Le domicile parisien de la patronne du FMI Christine Lagarde a été perquisitionné mercredi dans l'enquête sur le rôle de l'ex-ministre de l'Economie de Nicolas Sarkozy dans l'arbitrage litigieux sur la vente d'Adidas qui a permis à Bernard Tapie de toucher 400 millions d'euros.
A la demande des juges de la Cour de justice de la République (CJR), l'instance habilitée à juger des ministres pour des actes dans l'exercice de leurs fonctions, des policiers se sont rendus chez la patronne du Fonds monétaire international, dans un immeuble de sept étages d'une rue cossue du XVIème arrondissement.
"Mme Lagarde n'a rien à cacher", a dit à l'AFP son avocat Me Yves Repiquet sans préciser si les policiers avaient effectué des saisies. Il s'est dit satisfait par "tout ce qui peut servir à la manifestation de la vérité et exonérer (sa) cliente d'une responsabilité pénale".
L'avocat a précisé que sa cliente n'avait pas encore été entendue.
Le FMI a refusé de s'exprimer sur la perquisition mais a rappelé avoir apporté sa "confiance" à Mme Lagarde dans ce dossier avant sa nomination à la tête du Fonds, en juillet 2011, estimant qu'elle serait en mesure d'assurer efficacement ses obligations de directrice générale".
Ministre de l'Economie de 2007 à 2011 jusqu'à sa nomination au FMl, Mme Lagarde avait choisi de recourir à un arbitrage pour solder un contentieux entre le Crédit lyonnais et Bernard Tapie sur le rachat d'Adidas.
Le tribunal arbitral, une juridiction privée, avait condamné en juillet 2008 le Consortium de réalisation (CDR), structure publique qui gérait le passif du Crédit lyonnais, à verser à M. Tapie 285 millions d'euros d'indemnités (400 millions avec les intérêts).
La justice a ouvert une enquête qui comporte deux volets. Le volet ministériel, ouvert en août 2011 par la CJR pour "complicité de faux et de détournement de fonds publics", vise l'ex-ministre.

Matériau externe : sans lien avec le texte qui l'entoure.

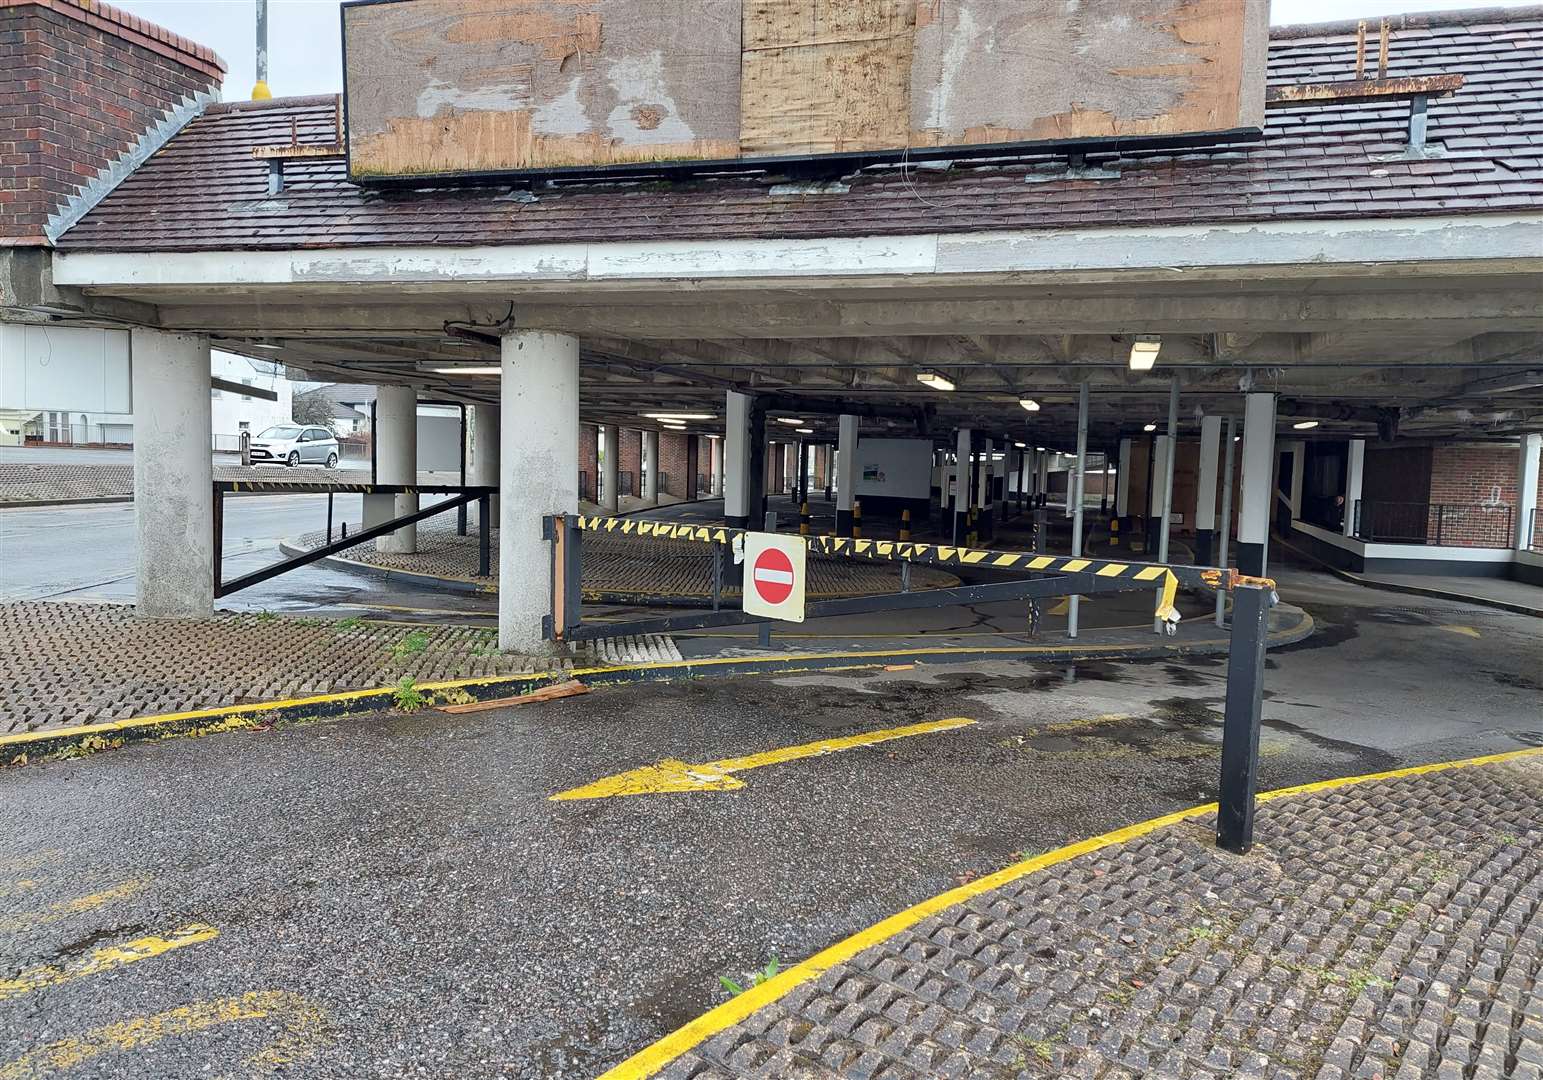 Park Mall car park in Ashford reopened in June after two months of repairs
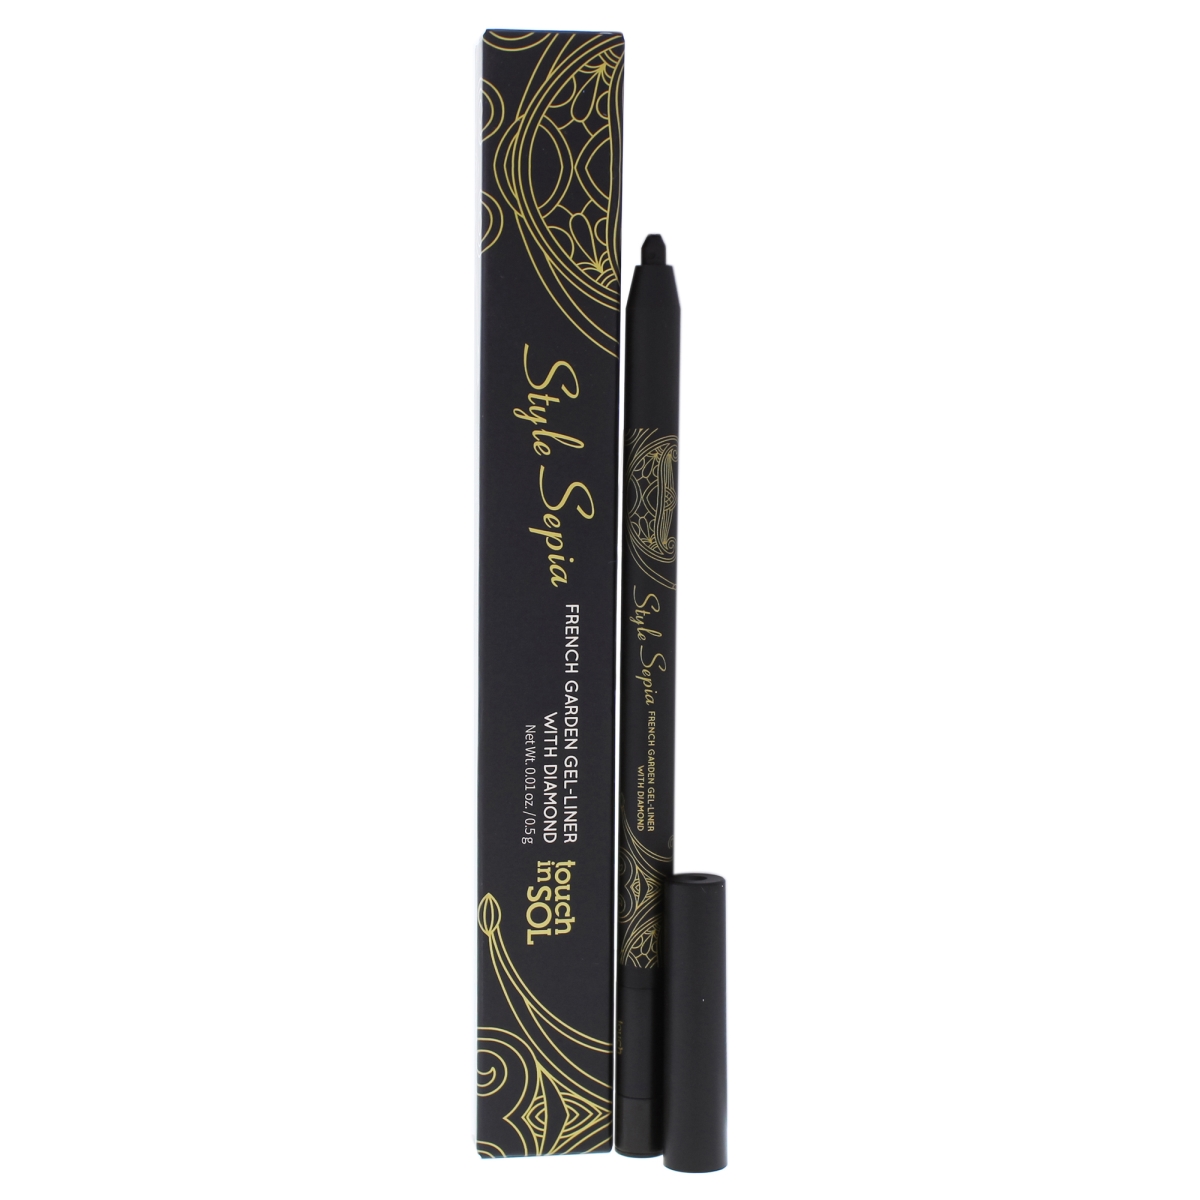 I0092068 Style Sepia French Garden Gel-liner With Diamond For Women - Chocolate - 0.03 Oz

Jugeant "contestable" le recours à l'arbitrage, la CJR estime que Mme Lagarde s'est impliquée "personnellement" dans un processus comportant "de nombreuses anomalies et irrégularités".
La Cour la soupçonne d'"avoir personnellement concouru aux faits", en donnant des instructions de vote aux représentants de l'Etat dans le conseil d'administration de l'EPFR (Etablissement public de financement et de réalisation), l'entité contrôlant le CDR.
Mme Lagarde a justifié le recours à l'arbitrage pour mettre fin à une procédure, selon elle longue et coûteuse.
Deniers publics
Interrogée par les députés en 2008, elle avait répété avoir pris elle-même cette décision tout comme celle de ne pas former un recours contre cet arbitrage. Il s'agissait, selon elle, d'une décision personnelle prise sans ordre de l'Elysée.
Fin janvier, la directrice du FMI a réaffirmé que ce choix était "la meilleure solution à l'époque".
Pourtant, au printemps 2011, le procureur général de la Cour de Cassation, à l'époque Jean-Louis Nadal, avait saisi la CJR, n'épargnant pas Mme Lagarde.
Il lui reprochait d'avoir recouru à un arbitrage privé alors qu'il s'agissait de deniers publics, d'avoir eu connaissance de la partialité de certains juges arbitres, d'avoir fait modifier le protocole initial pour y intégrer la notion de préjudice moral - ce qui avait permis aux époux Tapie de toucher 45 millions d'euros - et de ne pas avoir exercé de recours contre cet arbitrage controversé alors que plusieurs spécialistes l'y avaient encouragée.
Dans le volet non ministériel, une information judiciaire a été ouverte en septembre 2012 pour "usage abusif des pouvoirs sociaux et recel de ce délit au préjudice du CDR. Cette enquête vise implicitement Jean-François Rocchi, le président du CDR, qui avait mis en oeuvre l'arbitrage, et Bernard Scemama, ancien président de l'EPFR.
Dans le cadre de ce volet, des perquisitions ont récemment été menées au domicile et au bureau de l'ancien secrétaire général de l'Elysée, Claude Guéant, aux domiciles de Bernard Tapie, de Stéphane Richard, directeur de cabinet de Christine Lagarde au moment de l'arbitrage et des trois arbitres qui en avaient fixé le montant.